Baca berita tanpa iklan. Gabung Kompas.com+
Tentukan Pilihanmu
0 hari menuju
Pemilu 2024
Kompas.com - 18/09/2019, 11:03 WIB

JAKARTA, KOMPAS.com - "Hari ini pimpinan juga akan mengirim surat kepada DPR sebagai terakhir yang akan membahas ini, nanti segera kita kirim. Mudah-mudahan kami masih mempunyai kesempatan untuk ikut bicara untuk menentukan undang-undang tadi."

Revisi Undang-Undang yang mengatur tentang Komisi Pemberantasan Korupsi berjalan sangat cepat. Namun, KPK sebagai pihak yang menjadi obyek dalam undang-undang itu merasa tak pernah dilibatkan.

Saat menyampaikan pernyataan di Gedung Merah Putih KPK, Senin (16/9/2019), Ketua KPK Agus Rahardjo masih memupuk harapan bahwa revisi Undang-Undang Nomor 30 Tahun 2002 tersebut masih bisa didiskusikan bersama.

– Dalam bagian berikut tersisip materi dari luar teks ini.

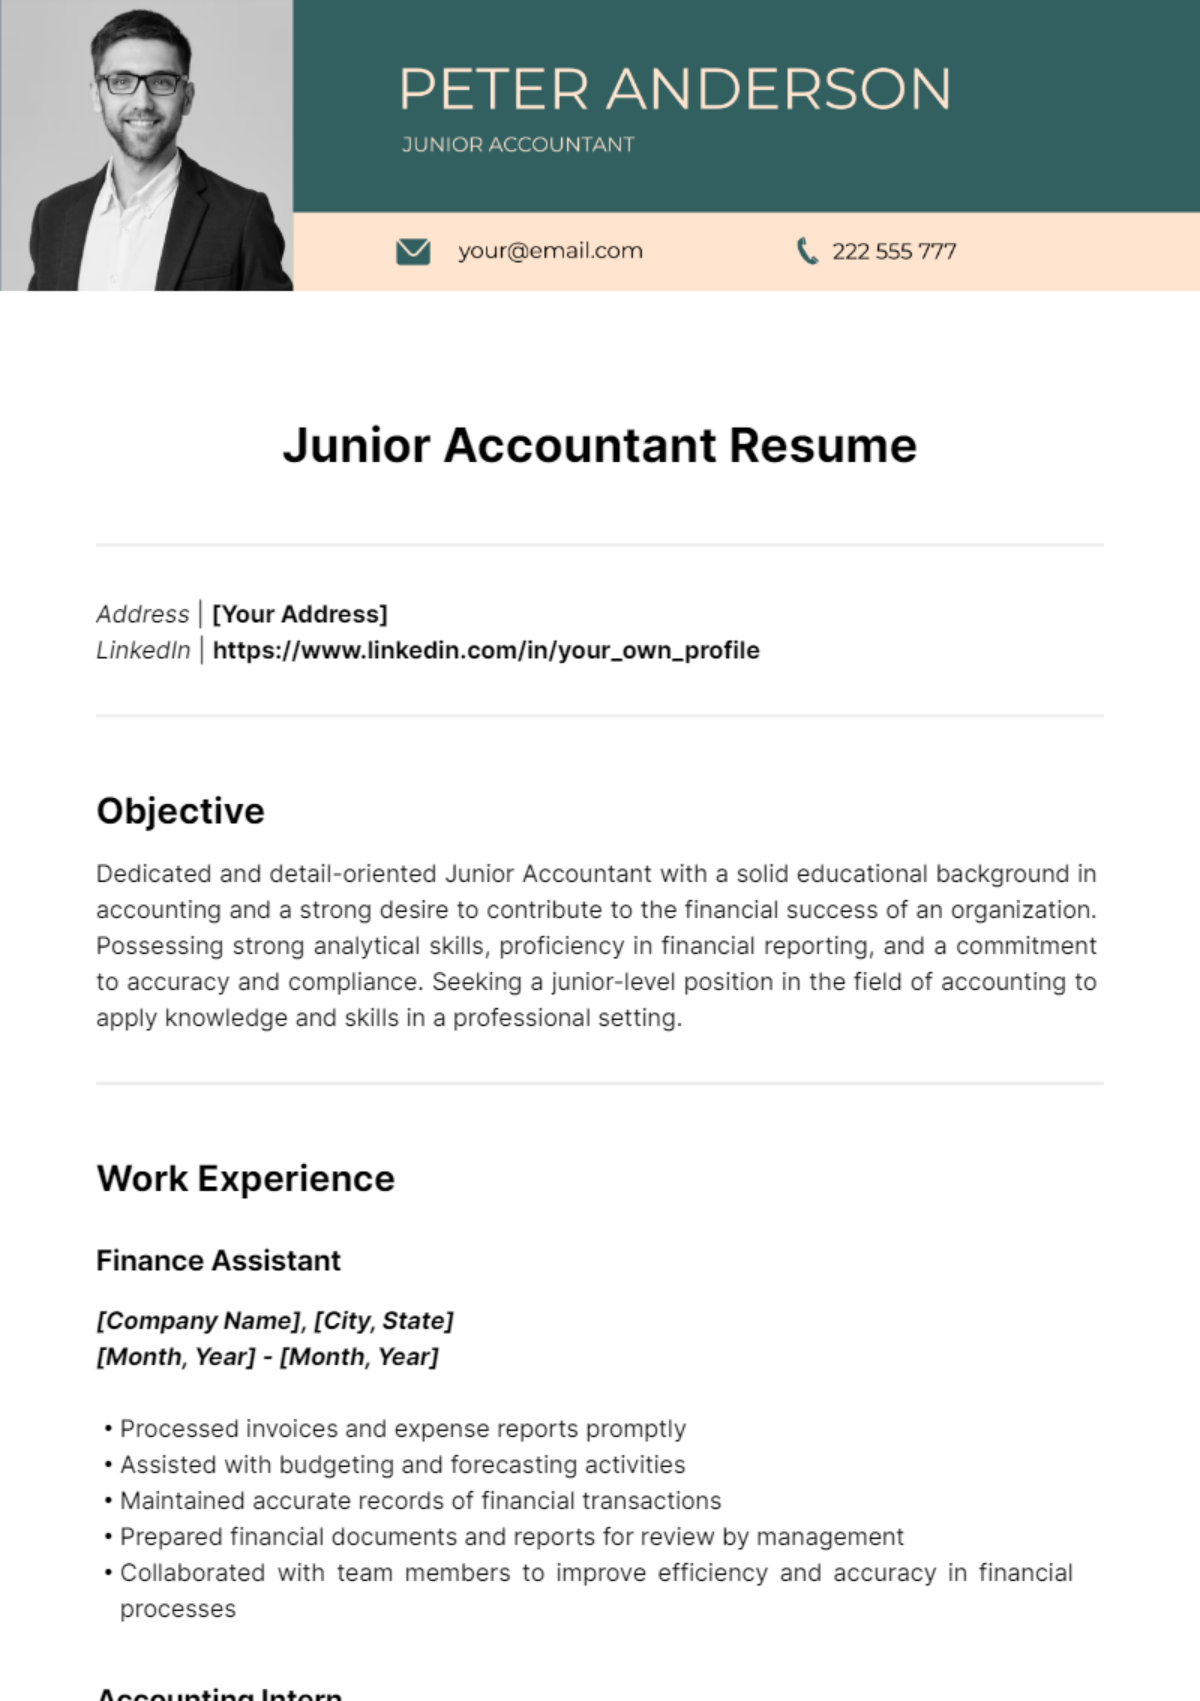 Junior Accountant Resume Template

Meskipun, pada Jumat (13/9/2019) malam, tiga pimpinan KPK menyatakan menyerahkan mandat pengelolaan KPK secara kelembagaan kepada Presiden Joko Widodo. Mereka adalah Agus Rahardjo, Laode Muhammad Syarif dan Saut Situmorang.

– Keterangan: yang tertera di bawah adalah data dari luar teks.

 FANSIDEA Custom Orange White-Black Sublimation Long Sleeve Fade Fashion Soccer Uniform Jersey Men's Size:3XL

Agus dan pimpinan KPK, serta pegiat antikorupsi berharap KPK tak digembosi dengan adanya revisi UU tersebut. Ini termasuk dampak baik dan buruknya bagi lembaga antirasuah tersebut.

Baca juga: Tiga Pimpinan KPK Serahkan Mandat KPK ke Presiden, Apa Alasannya?

Agus menuturkan, KPK merasa perlu dilibatkan karena hingga kini lembaga antirasuah itu sama sekali belum menerima draf resmi revisi UU KPK.

Selain itu, Agus juga meminta DPR untuk tidak buru-buru membahas revisi UU KPK. Menurut Agus, pembahasan UU KPK perlu melibatkan banyak supaya aturan itu dapat disusun secara matang.

"Kalau bisa jangan buru-buru supaya ada pembahasan yang lebih matang lebih baik, dan lebih banyak melibatkan para pihak," ujar Agus.

Namun, satu hari kemudian, DPR mengetuk palu tanda pengesahan revisi UU KPK, Selasa (17/9/2019).

Baca juga: DPR Sahkan UU KPK Hasil Revisi

Anggota DPR mengikuti Rapat Paripurna di Kompleks Parlemen, Senayan, Jakarta, Selasa (17/9/2019). Pemerintah dan DPR menyepakati pengesahan revisi UU Nomor 30 Tahun 2002 tentang Komisi Pemberantasan Korupsi (KPK) yang dihadiri oleh 80 orang anggota DPR.ANTARA FOTO/M RISYAL HIDAYAT Anggota DPR mengikuti Rapat Paripurna di Kompleks Parlemen, Senayan, Jakarta, Selasa (17/9/2019). Pemerintah dan DPR menyepakati pengesahan revisi UU Nomor 30 Tahun 2002 tentang Komisi Pemberantasan Korupsi (KPK) yang dihadiri oleh 80 orang anggota DPR.
Sangat cepat

Hanya butuh 12 hari, revisi UU KPK dibahas dan dengan mulus disahkan di DPR.

Sementara bagi Jokowi, hanya butuh waktu enam hari untuk menyetujui pembahasan revisi UU KPK itu.

Padahal, Presiden Jokowi mempunyai waktu 60 hari untuk merespon usulan inisiatif DPR.

Jokowi beralasan, pemerintah tak membutuhkan waktu lama karena revisi UU KPK yang diusulkan DPR hanya terdiri dari empat atau lima isu besar.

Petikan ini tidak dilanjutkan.